## Task description
Repeat the listing word for word. No pictures belong in the copy.

---------- Source data ----------

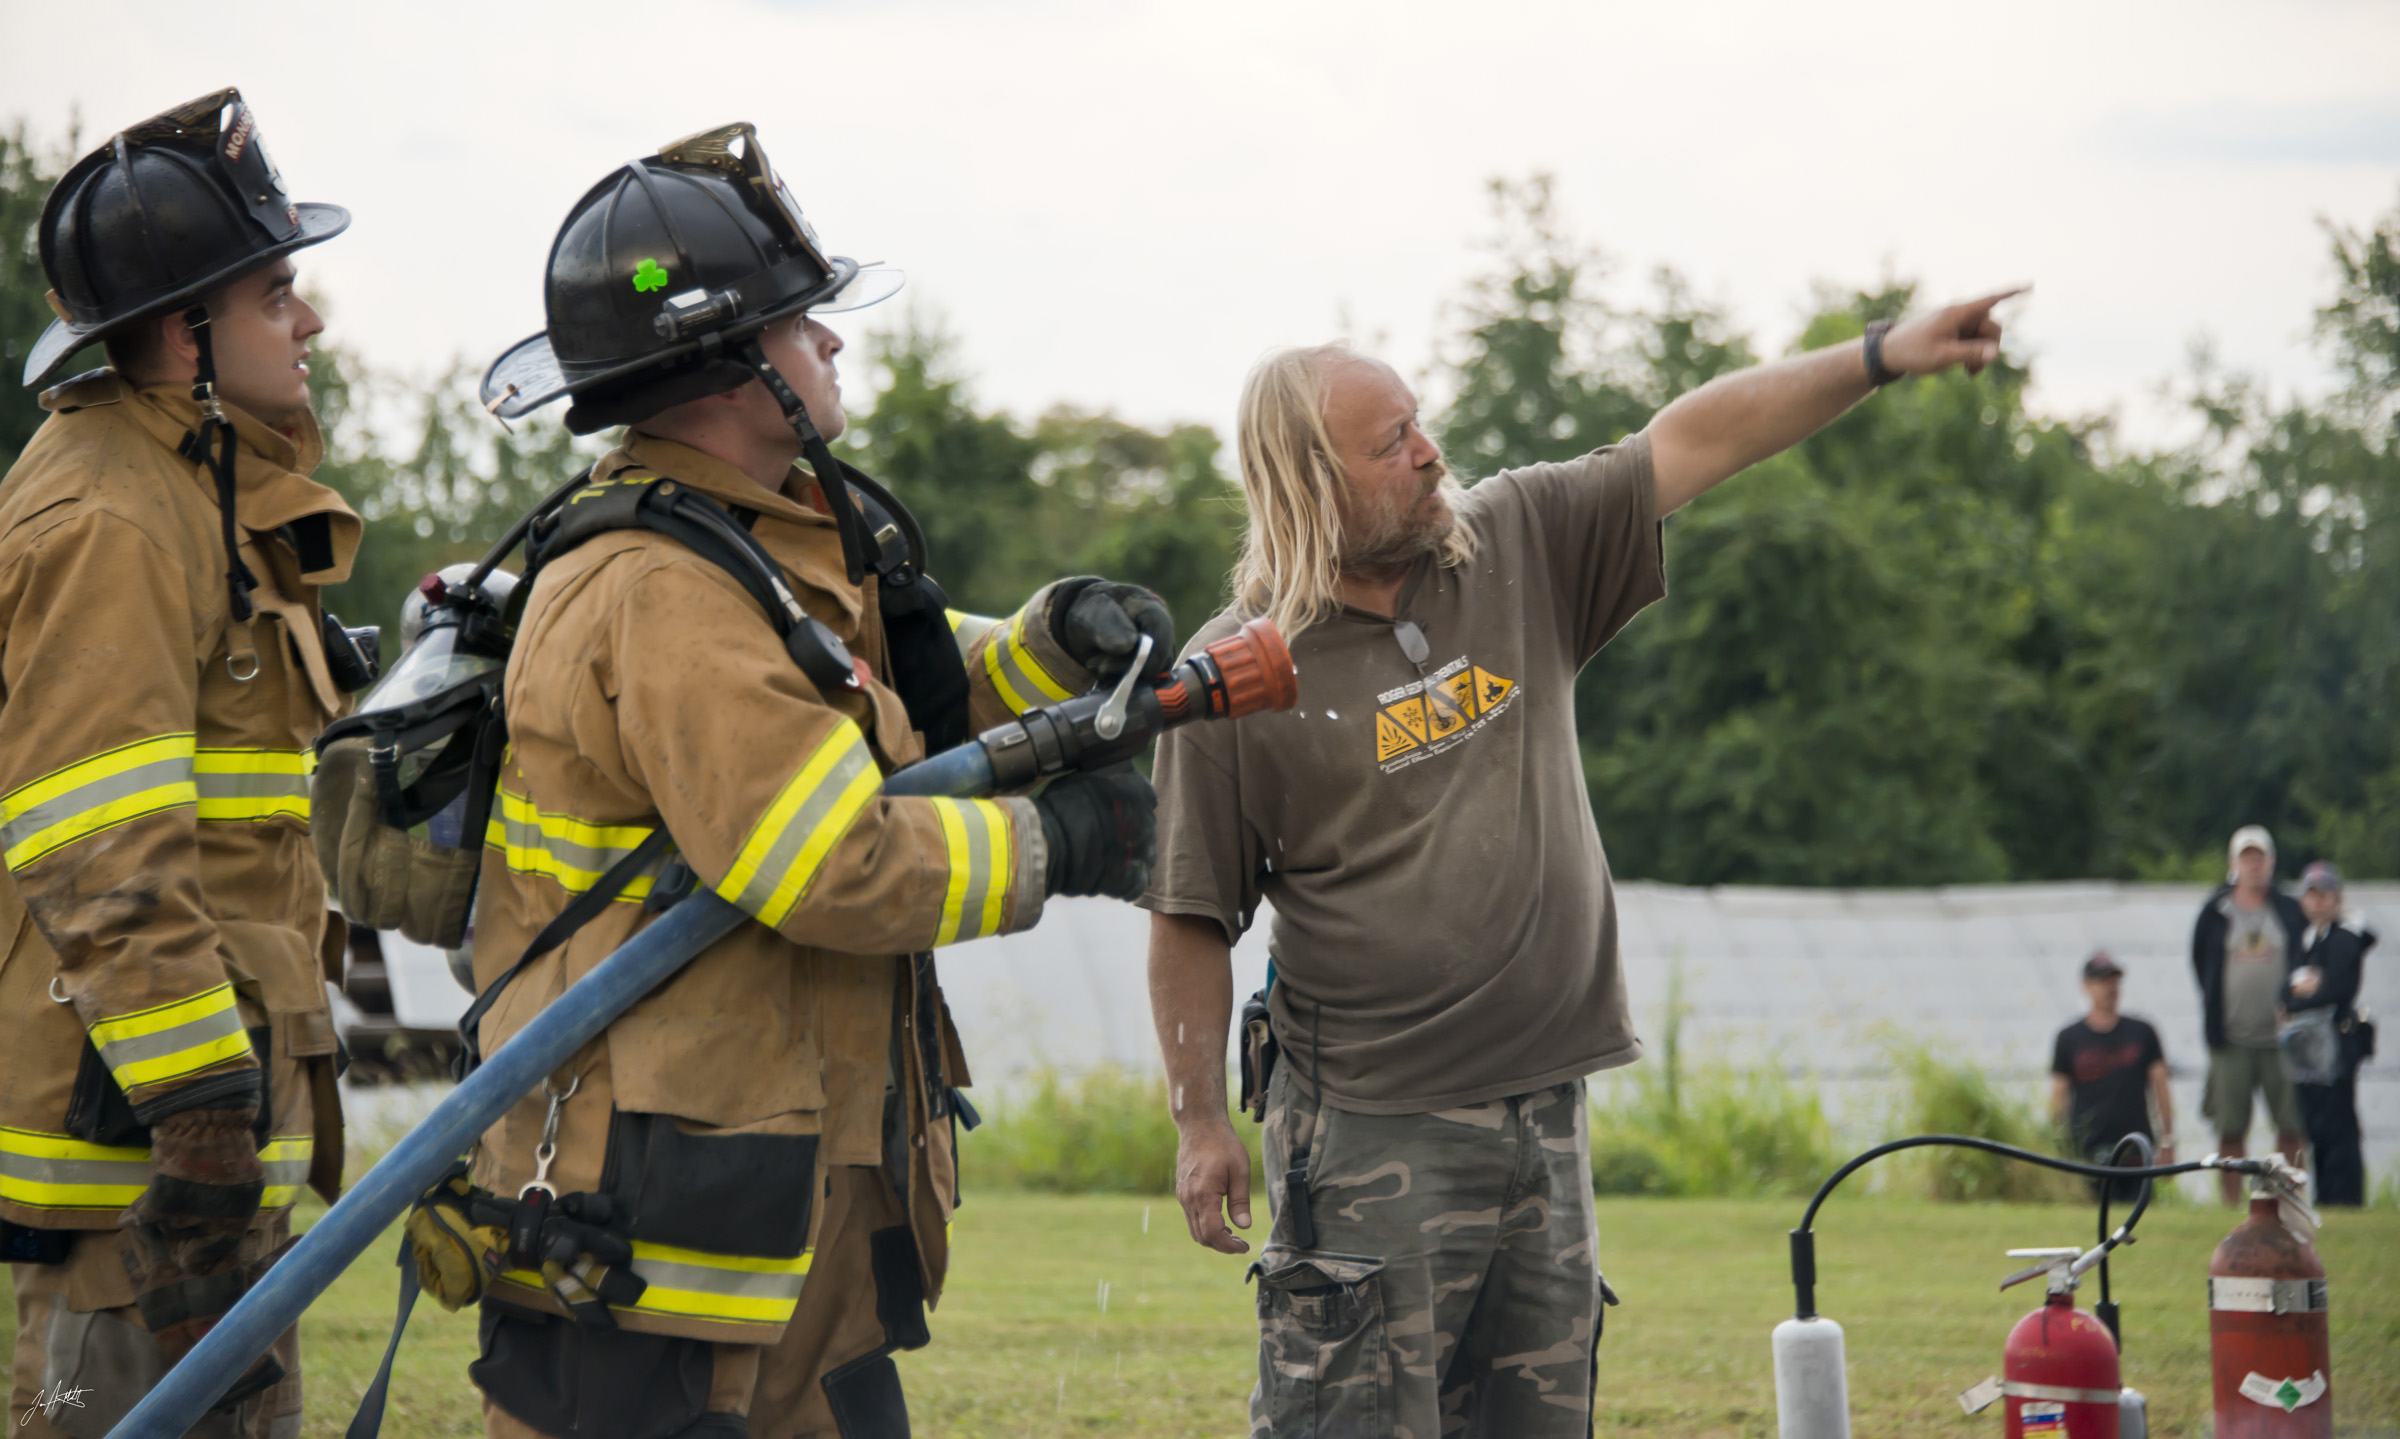 Ray and FiremenBANSHEE
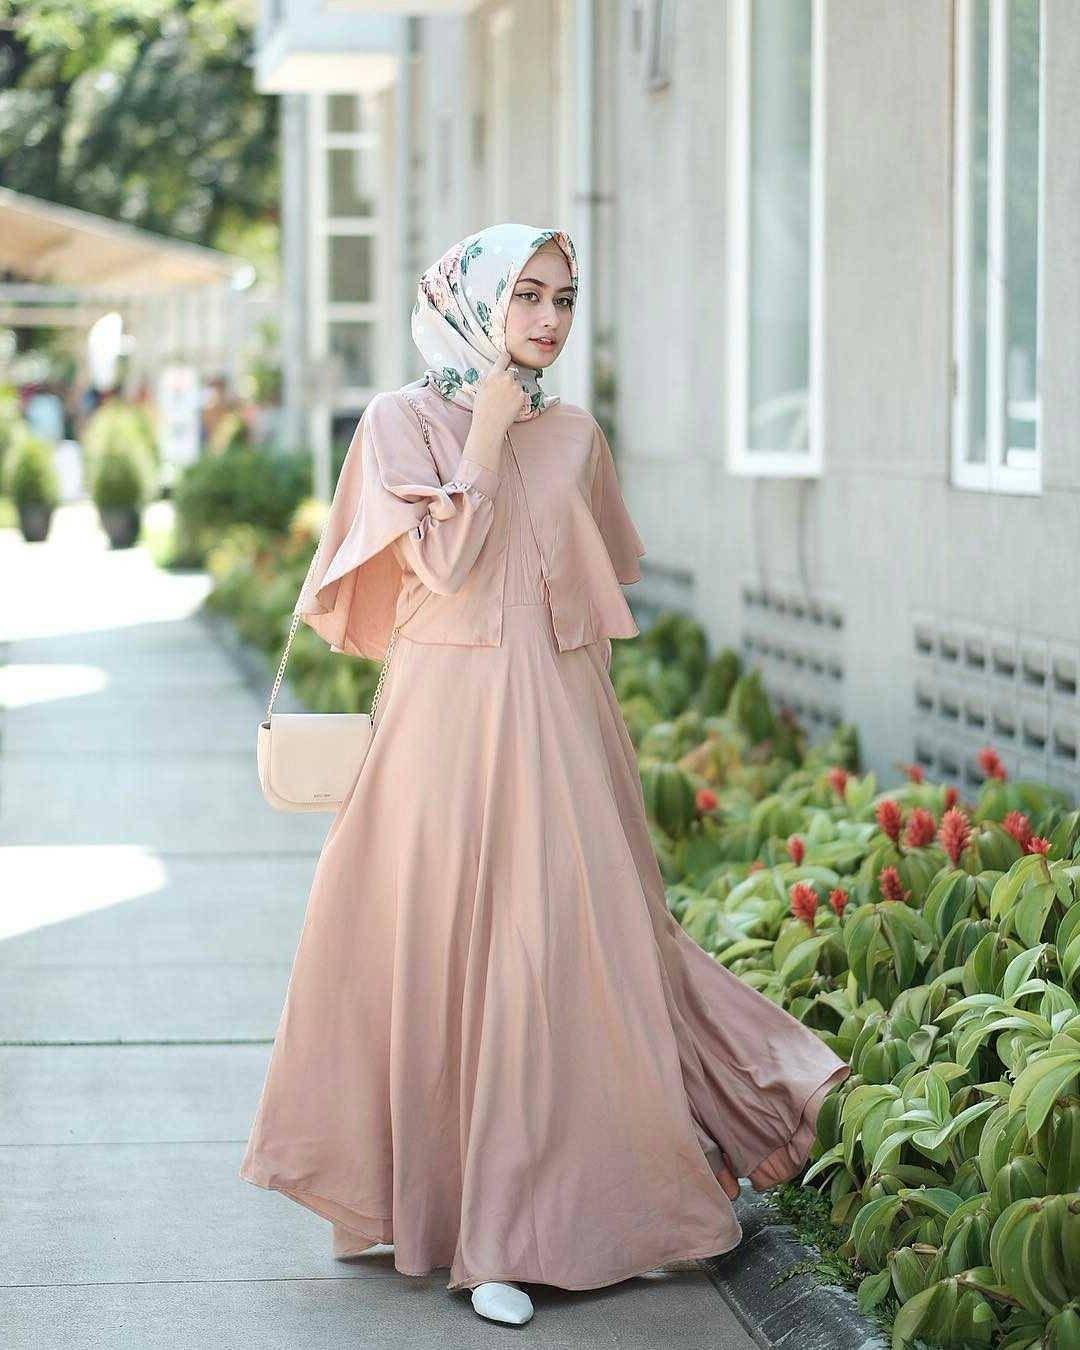 Inspirasi Model Baju Lebaran Syahrini 2017 8ydm 21 Model Gamis Lebaran 2018 Desain Elegan Casual Dan Modern
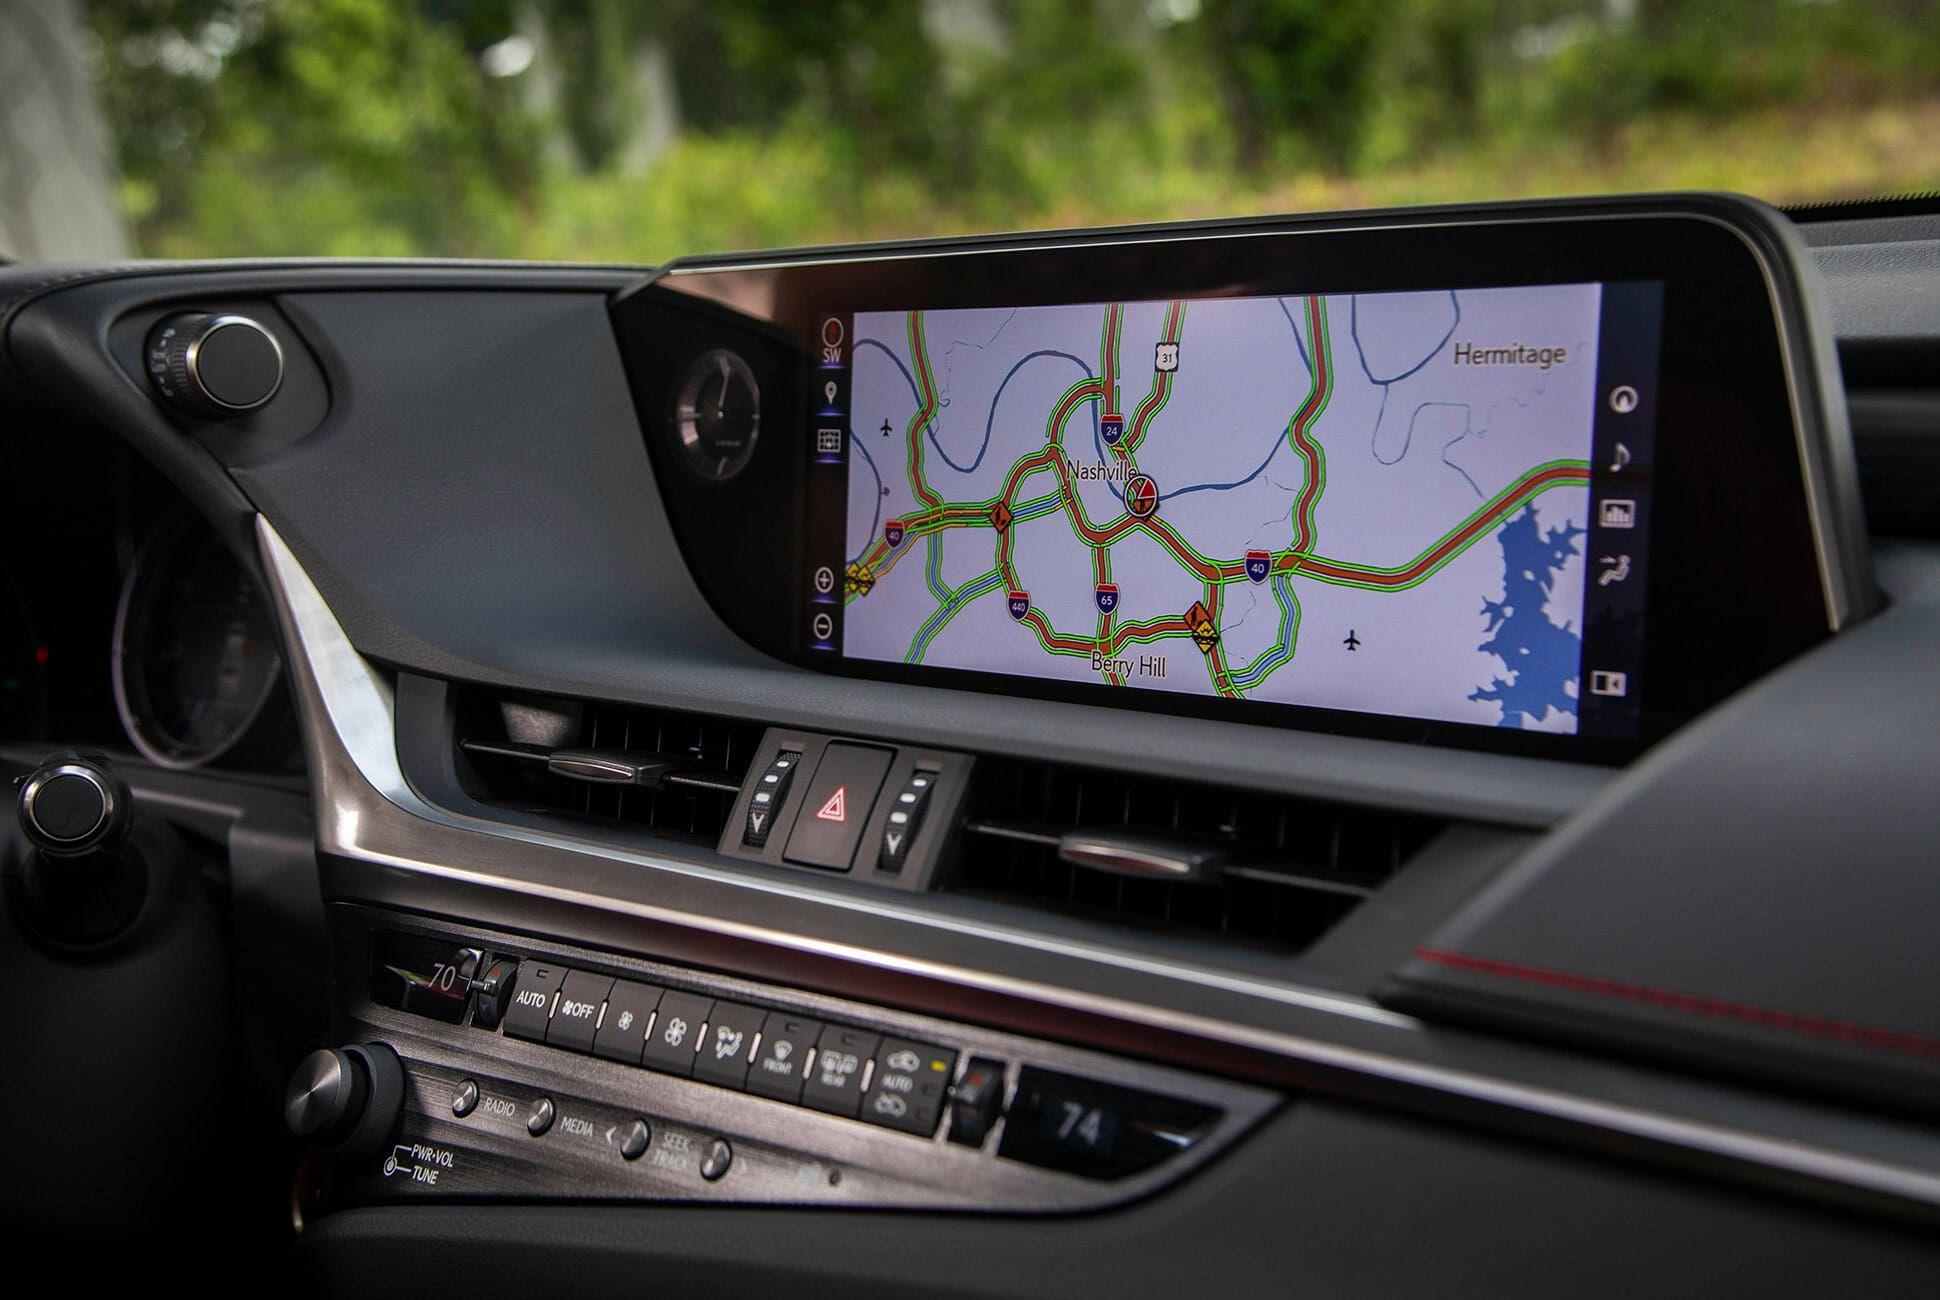 2019-Lexus-ES-350-F-Sport-Review-gear-patrol-slide-13
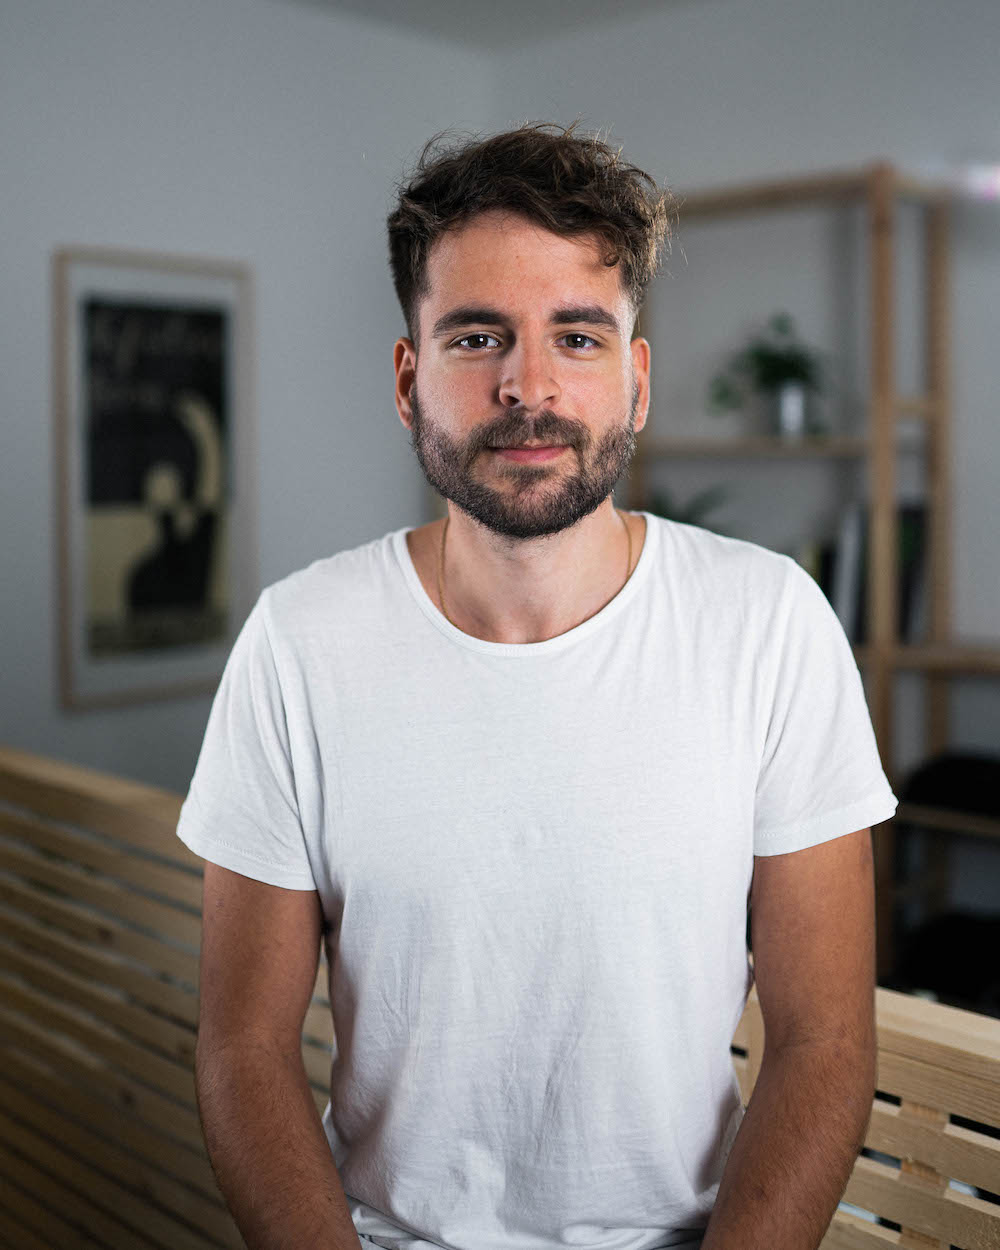 Florian Blach

----------

## Answer to this exercise
 Ray and FiremenBANSHEE
 Inspirasi Model Baju Lebaran Syahrini 2017 8ydm 21 Model Gamis Lebaran 2018 Desain Elegan Casual Dan Modern
 2019-Lexus-ES-350-F-Sport-Review-gear-patrol-slide-13
 Florian Blach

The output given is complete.